Solzhenitsyn Was a Russian Patriot

Wall Street Opinion Journal | Robert Conquest | August 8, 2005

Those of us who had long been concerned to expose and resist Stalinism, in the West as in the USSR, learned much from Alexander Solzhenitsyn. I met him in Zurich, Switzerland, in 1974, soon after he was expelled from the Soviet Union — the result of his novel, “The Gulag Archipelago,” being published in Paris. He was personally pleasant; I have a photograph of the two of us, he holding a Russian edition of my book, “The Great Terror,” with evident approbation. He asked if I would translate a “little” poem of his. Of course I agreed.
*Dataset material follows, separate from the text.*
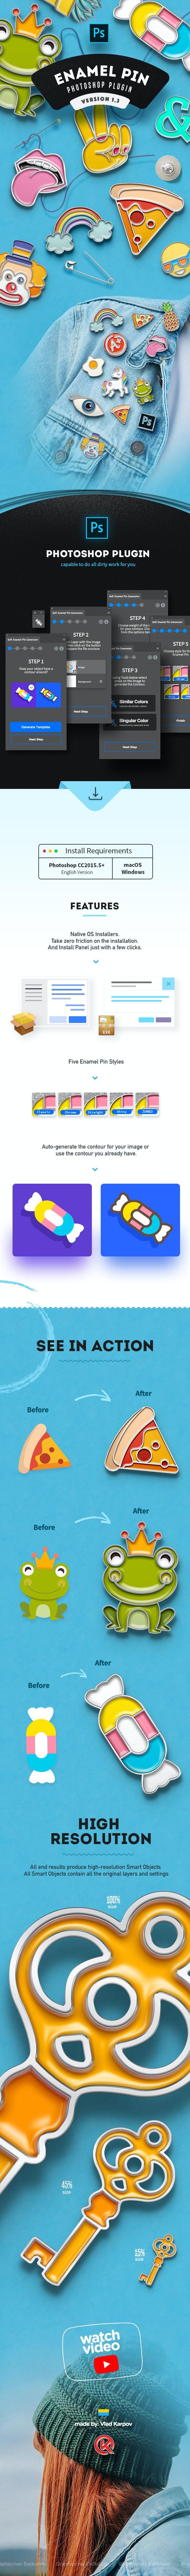 Enamel Pin - Actions Photoshop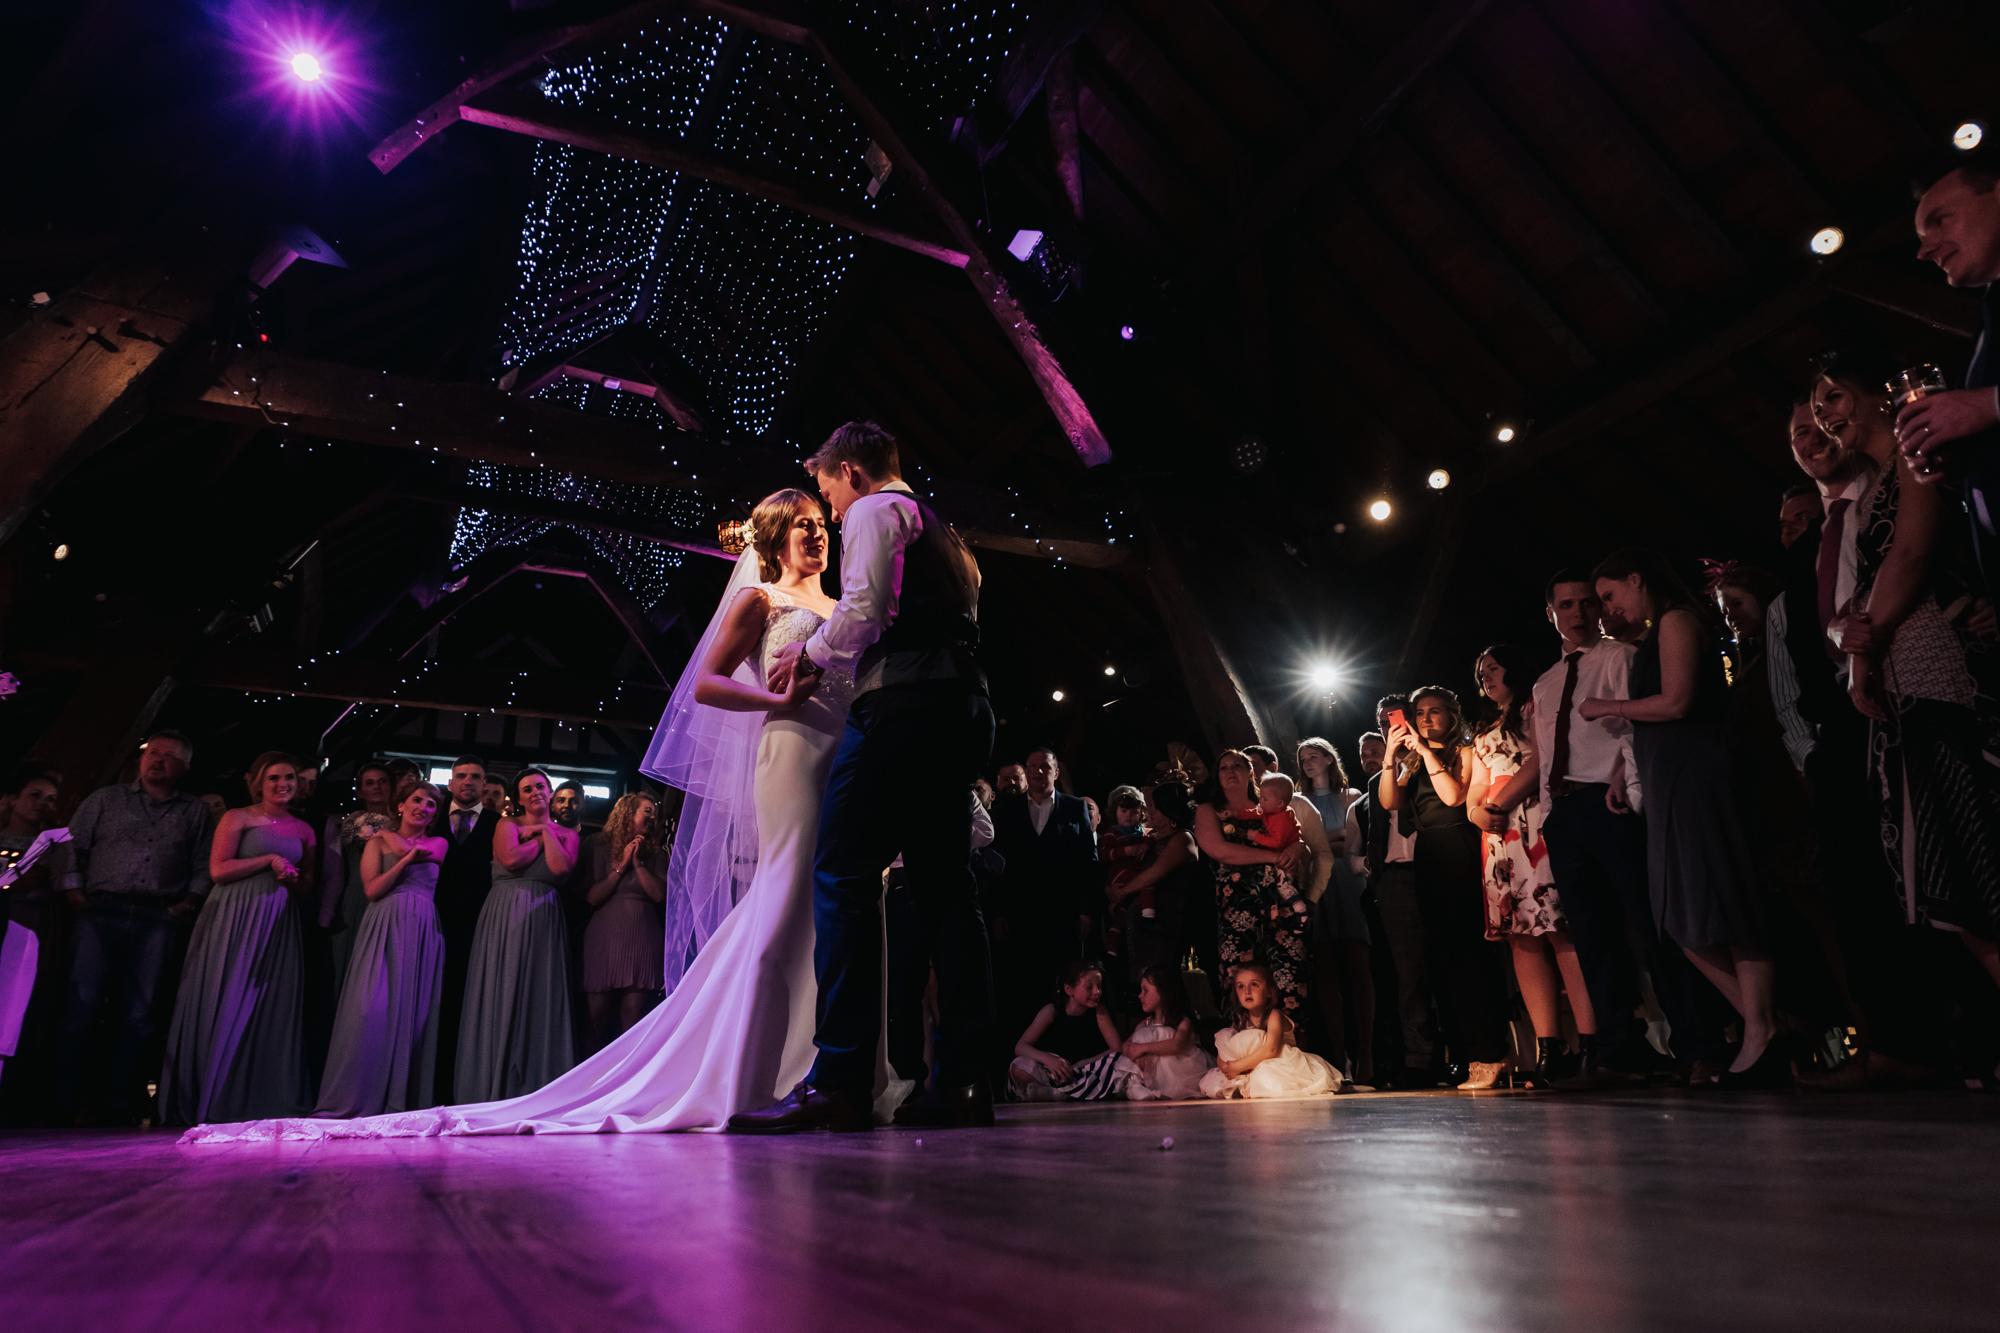 Rivington Hall Barn Wedding Photography lancashire wedding photographer (39 of 45).jpg

The little poem, “Prussian Nights,” turned out to be 2,000 lines! Thankfully, he and his circle helped. It was an arresting composition, increasing our knowledge of him and his times — something worth reading, and rereading, for its stunning historical background.
[Solzhenitsyn Was a Russian Patriot]
Ken Fallin

Solzhenitsyn was one of the most striking public figures of our time. How should one judge him? As a writer, up there with Pasternak? As a moralist, up there with Czeslaw Milosz? But he should also be judged as one who might have won two Nobel prizes — not just for Literature, but also for Peace.